Thursday, November 01, 2007

Safe Harbour Incorporated

Safe Harbour Incorporated

Dalal Street, populated by people with money in their veins, is not renowned for its sense of irony. Still, notwithstanding volatility, ham-fisted government intervention and the occasional devastating rumour; it could, for 2008 and beyond, hang out a shingle bearing the legend “Safe Harbour Incorporated”. And, supported by a real economy growing at 8.5% to 9% per annum (p.a.), Dalal Street can do it with a straight face.

India is currently benefiting from a number of local and global currents that will see the Sensex and Nifty 50, representing as they do, a relatively narrow base of operations at around $1.5 trillion total market capitalisation, scaling much higher levels than the current 20,000 and 6,000 levels respectively.

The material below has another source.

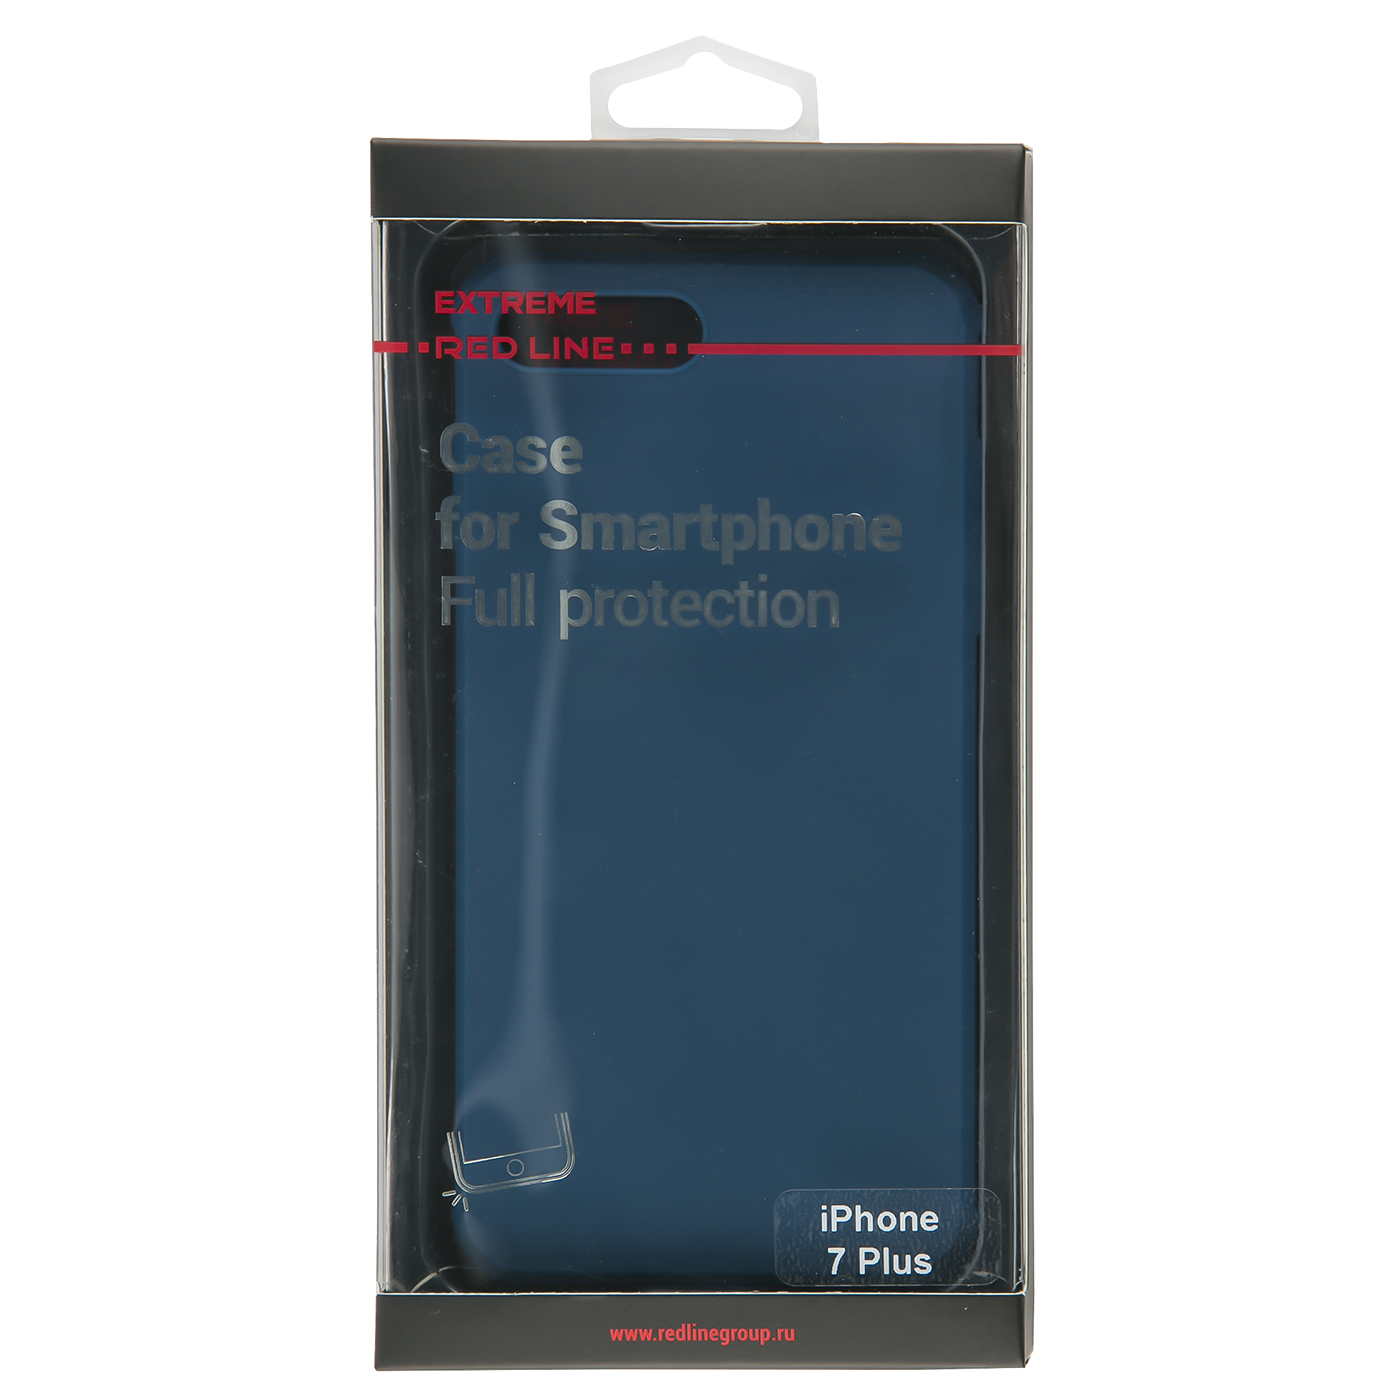 Защитный чехол Red Line Extreme для iPhone 7 Plus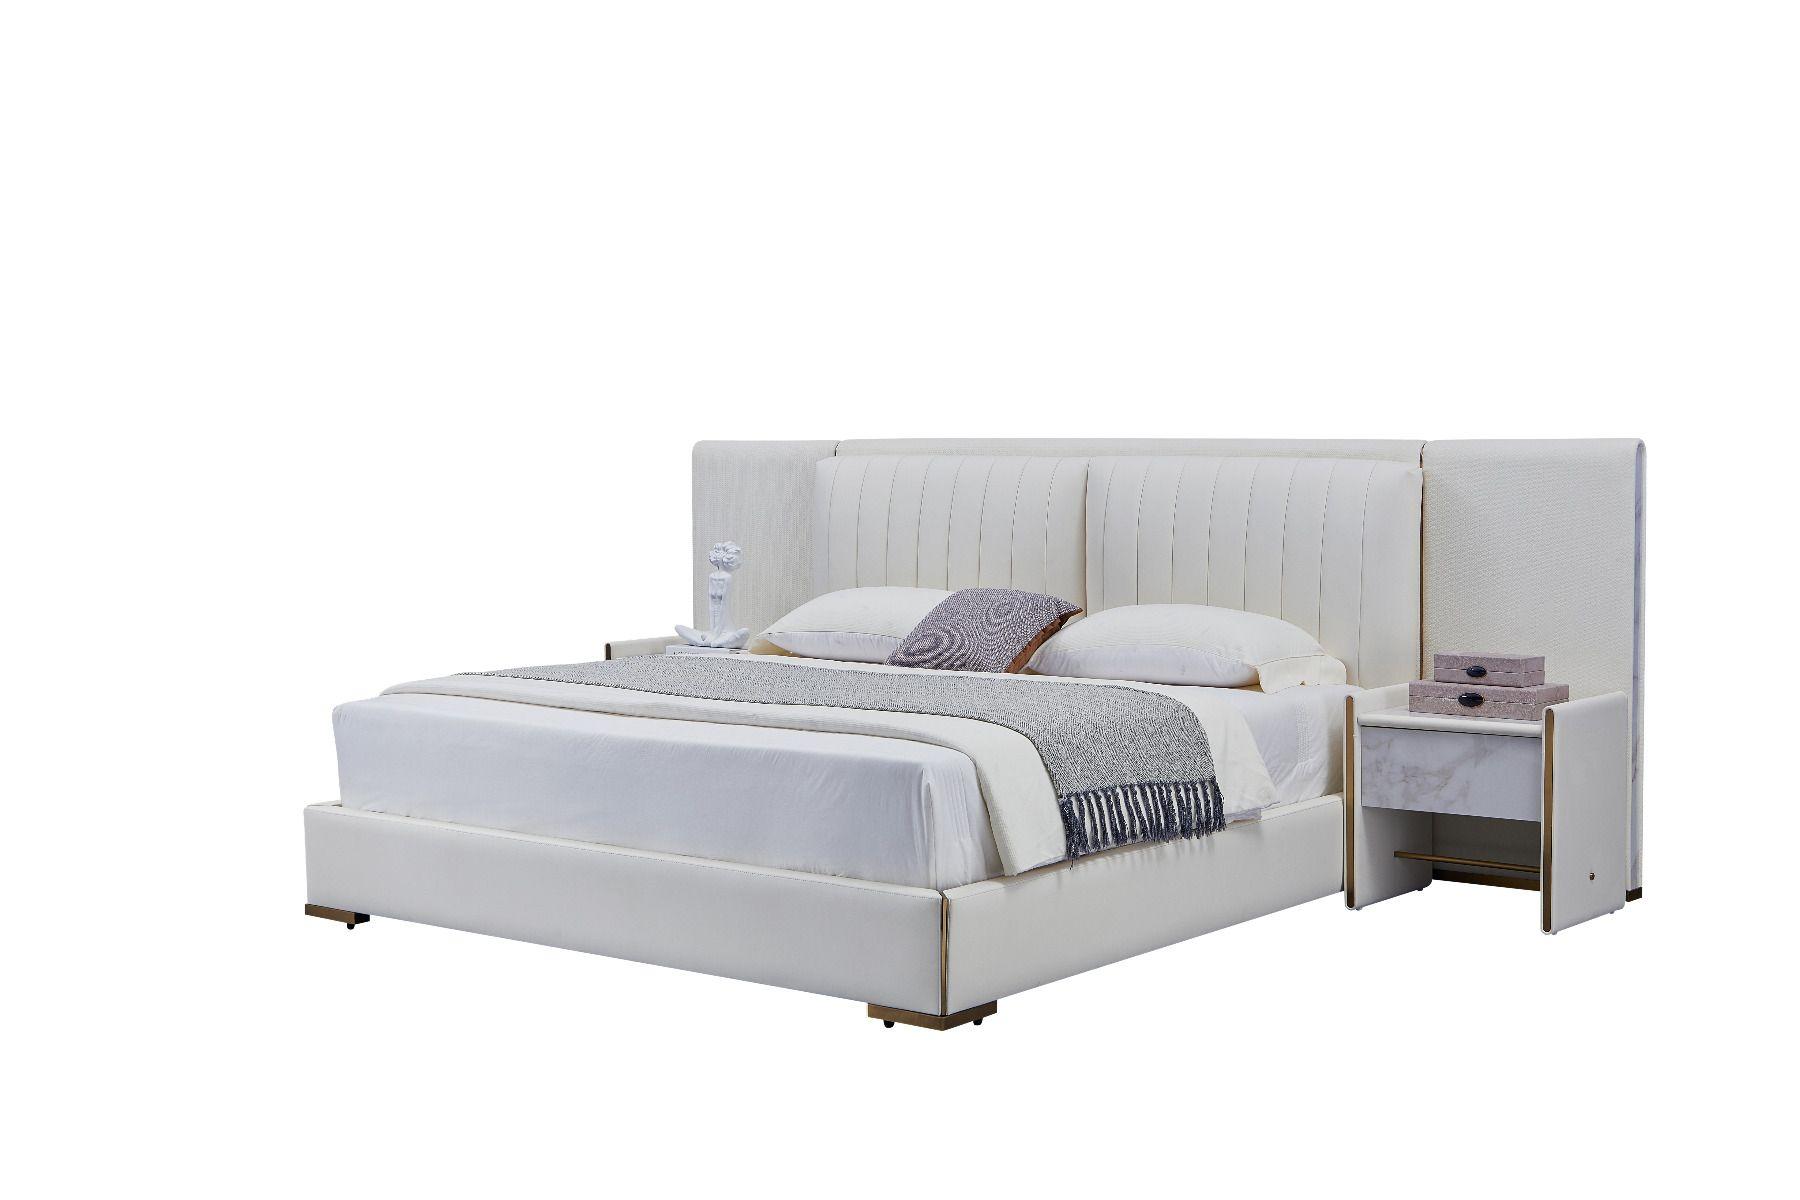 Contemporary, Modern Platform Bedroom Set B-Y2008-EK / NS-Y2008 B-Y2008-EK-3PC in Gray Genuine Leather

That the Indian bourses have been receiving unprecedented amounts of foreign exchange from America, Europe and Japan for over three years already is old hat, although, the flow has intensified significantly of late. This is because these developed markets, though much bigger than ours, have their prospects of growth restricted to around 2 % p.a. for the foreseeable future. And while India was long seen as a relatively risky Emerging Market (EM), realization has since dawned, particularly after the “sub prime” contagion spread all over the developed markets, that the EMs were perhaps safer than the home markets! We were not unknown by then, thanks mainly to the older FIIs and intrepid Hedge Funds showing the way. And then, when comparisons were made within the celebrated EMs of Brazil-Russia-India-China (BRIC), it emerged that only India and China have the depth and size to deliver large quantum real profits in addition to impressive looking percentages.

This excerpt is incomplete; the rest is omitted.